The Avengers #5: "The Afrit Affair" by Keith Laumer (1968)
(Not long ago, A.V. Club editor Keith Phipps purchased a large box containing over 75 vintage science fiction, crime, and adventure paperbacks. He is reading all of them. This is book number 55.)
There's really only one way to start this column, especially since there's a good chance a lot of you reading this column have never seen it. It's with this clip:
That's the opening credits to the British spy series The Avengers at the height of its powers. The Avengers ran from 1961 to 1969 and kept the same star, Patrick Macnee, at the center throughout. Macnee played John Steed, a secret agent loyal to Britain, even if his particular organizational loyalty was never revealed. In The Avengers’ stage-bound (and, frankly, fairly dull) early seasons, Steed began as a gritty character but changed as the times around him changed. As the '60s started to swing, so did the show, shifting from Cold War spy games to an imaginative hybrid of espionage and science fiction later dubbed "spy-fi." Meanwhile, Steed's partners went from the staid Ian Hendry to the catsuit-clad Honor Blackman (later to play Pussy Galore in Goldfinger) to Diana Rigg, an almost supernaturally attractive actress who, after debuting as Mrs. Emma Peel in 1965, quickly developed chemistry with Macnee that nobody could have scripted.

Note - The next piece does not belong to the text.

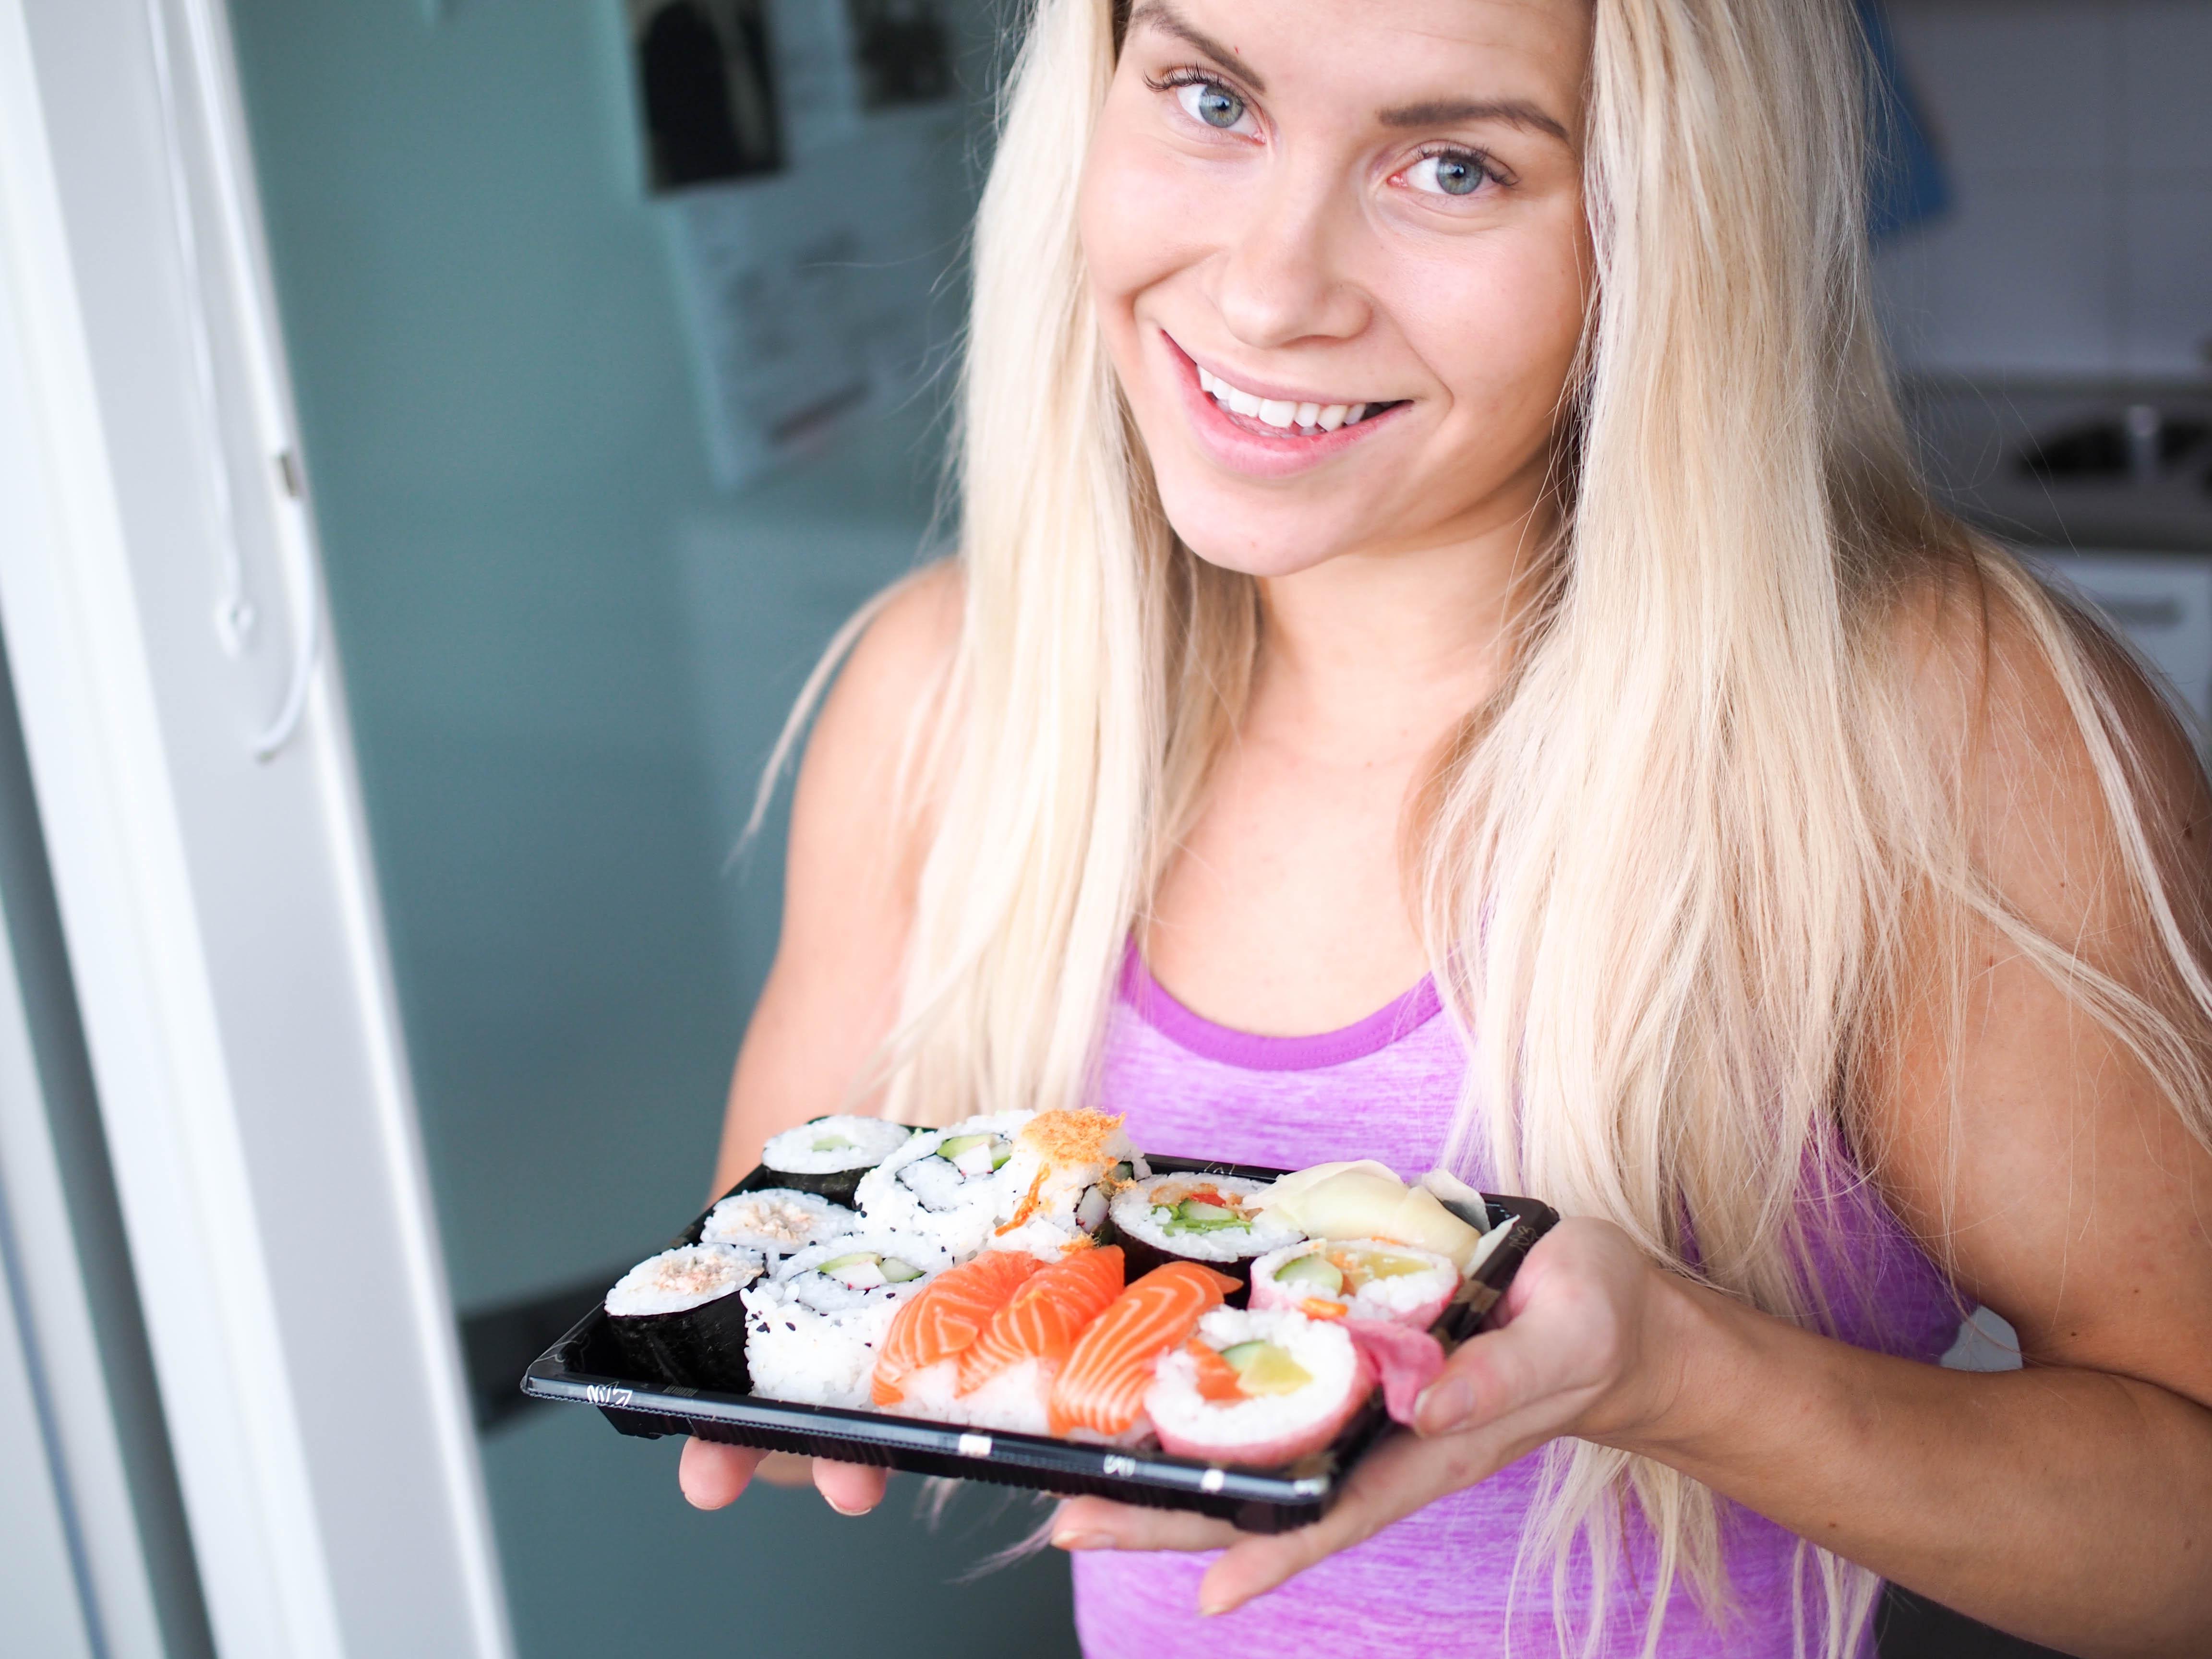 Onko ruokasi oikeasti terveellistä?

He was dapper and round, quick with a wry grin and dressed with Saville Row-sharpness. She was slender and mod, outfitted in the finest Carnaby Street-inspired fashions. They offered two different, even conflicting, interpretations of England, but they got along beautifully as they took on Cybernauts, dubious porcelain manufacturers, and other threats to national security. Maybe really beautifully: The show let viewers fill in the blanks as to whether their professional, cross-generational camaraderie and obvious chumminess ever translated into anything more. She was Mrs. Peel after all, though, unless I’m misremembering, we never learned a thing about Mr. Peel until the last moments of Rigg's bittersweet final episode. (After this, the acceptable-but-unexceptional Linda Thorson took over duties as Steed's partner as the show sputtered its way to the end of the decade.)

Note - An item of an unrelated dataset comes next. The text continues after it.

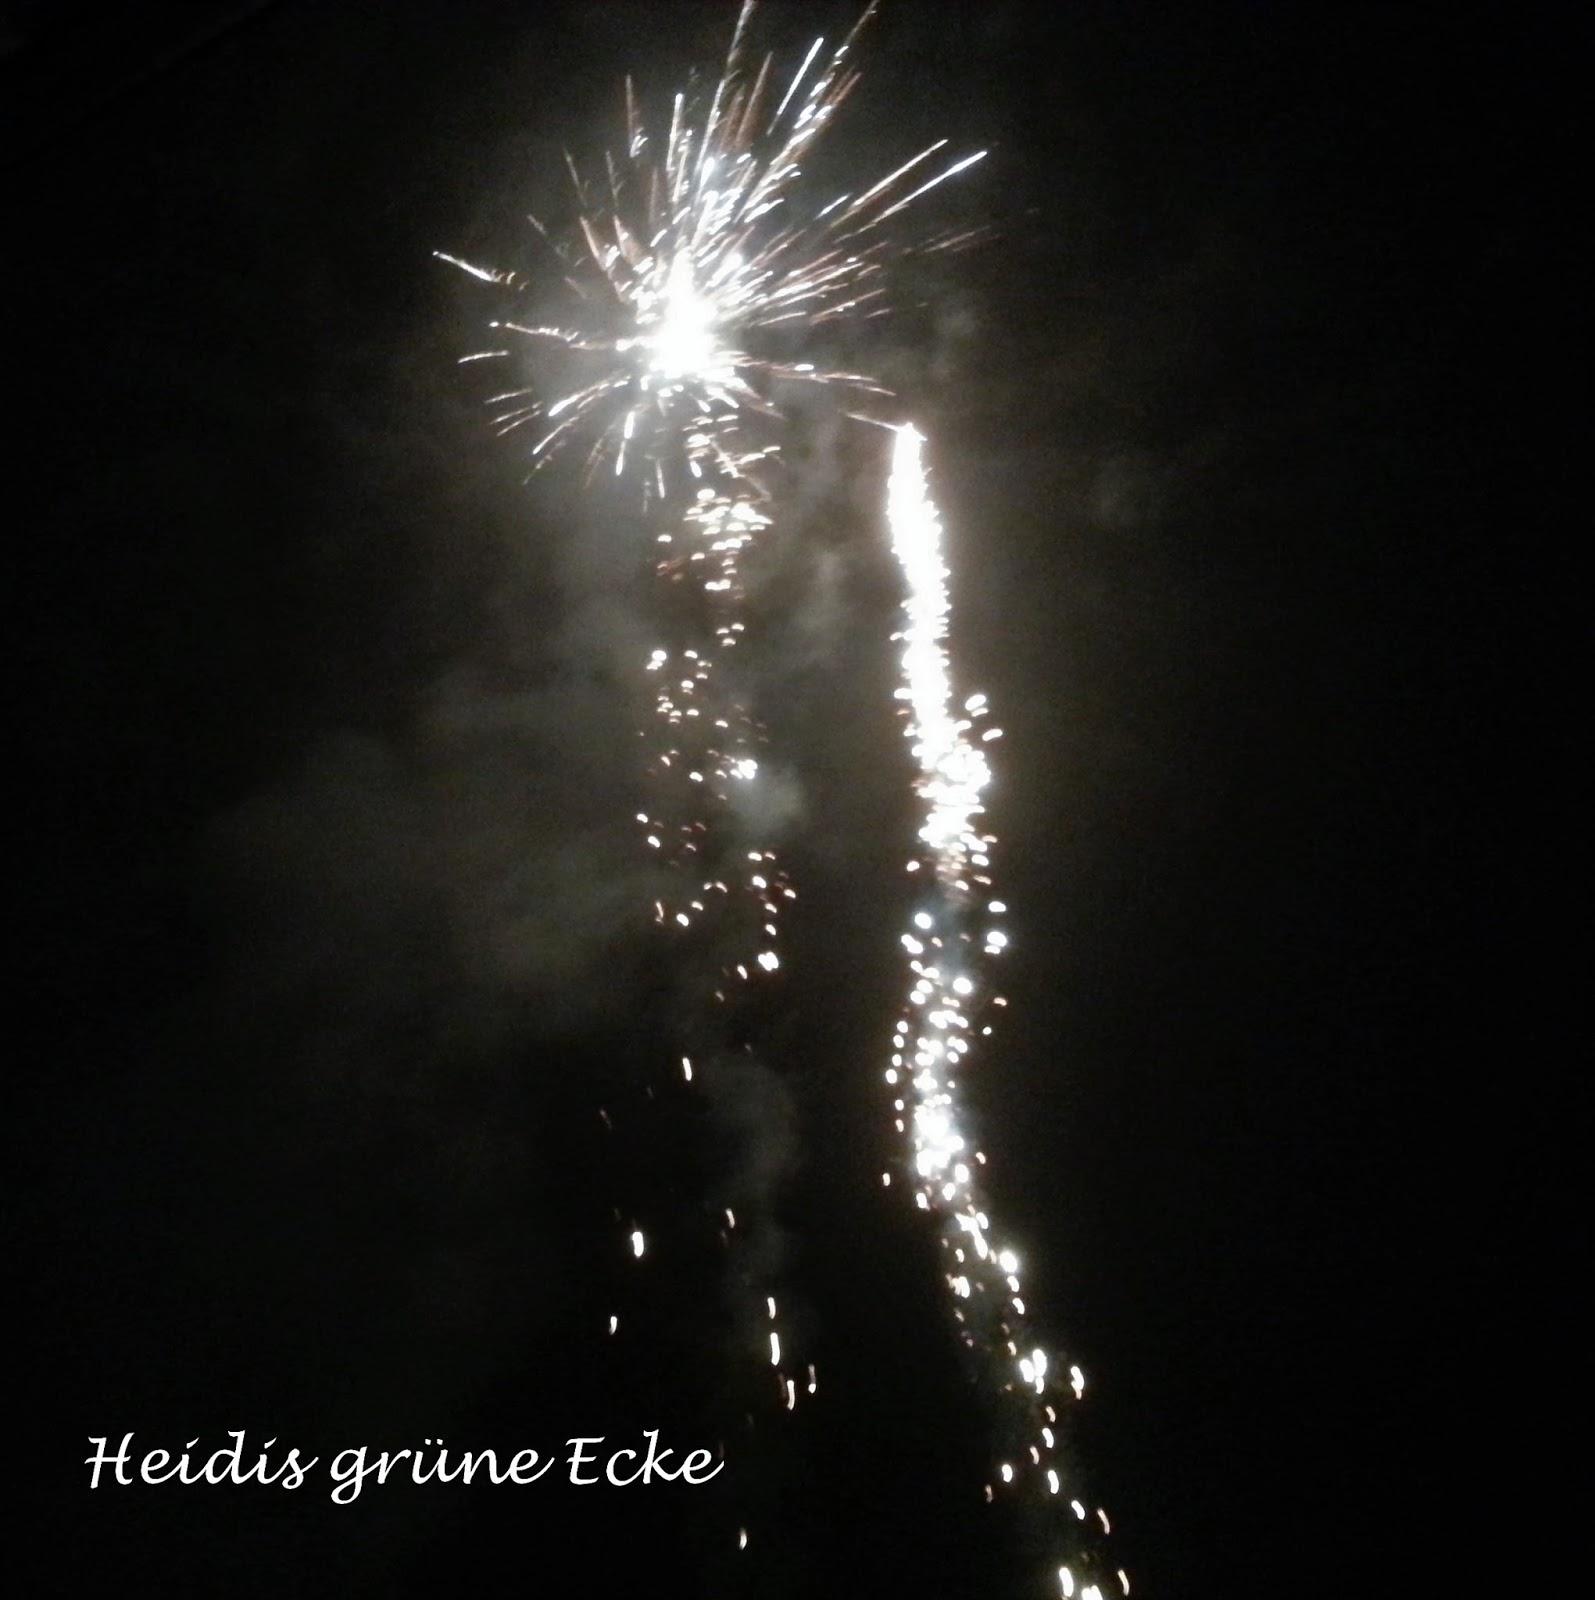 Heidis grüne Ecke: Prosit Neujahr! Ein gutes Neues Jahr!

I'm assuming at least a portion of those reading this haven't had much experience with The Avengers not because you don't have wonderful taste—you're here, after all—but because the show has always been a cult item in the U.S. and in recent years something of a tough-to-come-by cult item. I saw it mostly during its late-'80s/early'-90s run on A&E, which later put it out on video and DVD, but the dire 1998 movie version starring Ralph Fiennes and Uma Thurman didn't do much to fan the fandom flames over here, which have, if anything, flcikered in the decade since. Which is too bad: It's a fantastic show, even if the cleverness of the production design, the outrageous ideas, and the wit of the performances all sometimes have to overcome sluggish-by-today's-standards pacing. (Of course, that's largely a matter of changing expectations; I watched shows like The Incredible Hulk breathlessly as a kid and trying to watch it now I wonder how I had the patience. Television used to be a much… slower… medium.)

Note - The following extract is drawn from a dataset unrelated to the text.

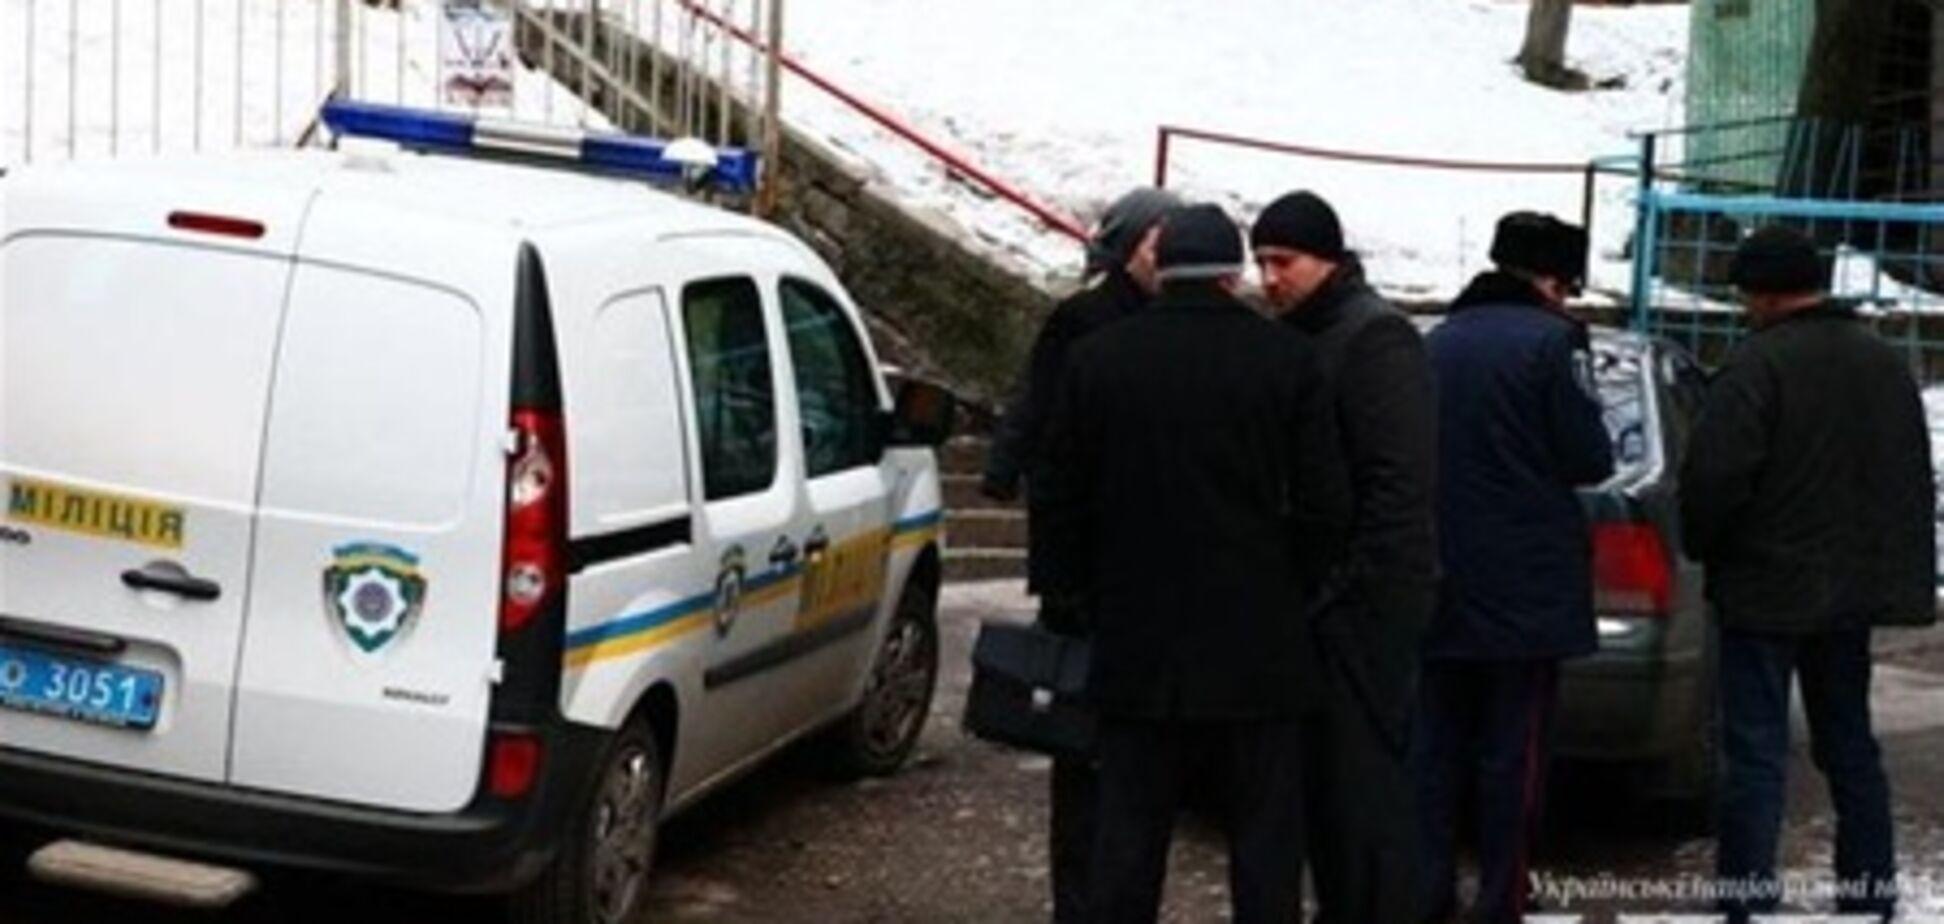 Взрыв на 'Кловской': подробности происшествия

Like Doctor Who, what was a fringe taste over here became iconic in the U.K., necessitating ancillary products like The Afrit Affair, an original novel spun off from the series. Whoever commissioned it didn't skimp on the talent. American science fiction writer/model airplane enthusiast Keith Laumer was already a Hugo nominee by 1968. Did he take the job because he loved the show or needed the money? It's an interesting question, albeit one that I doubt Laumer took long to consider. The Afrit Affiar reads like a professional job done in a professional manner. There's nothing here that would make me eager to seek out more Laumer but he does capture the voices of the characters quite well. If I were an Avengers fan in a pre-DVD, pre-Hulu era this would probably seem like an adequate stopgap. (It’s breezy, too. I think I got through its 127 pages in a couple of commutes.)
But, read simply as a novel, it’s nothing special. Steed and Mrs. Peel have to get from Point A—a threatening note found inside a herring—to Point B—saving the world. Laumer takes them there by way of Points C through Z before circling back again, with each chapter providing a digression in the way of what turns out to be a series of wild goose chases. That the first clue arrives in a herring is no accident, either, and points to Laumer’s cleverest conceit: A villain whose MO is to throw his adversaries off his trail through a series of ridiculous fake clues, like oversized footprints.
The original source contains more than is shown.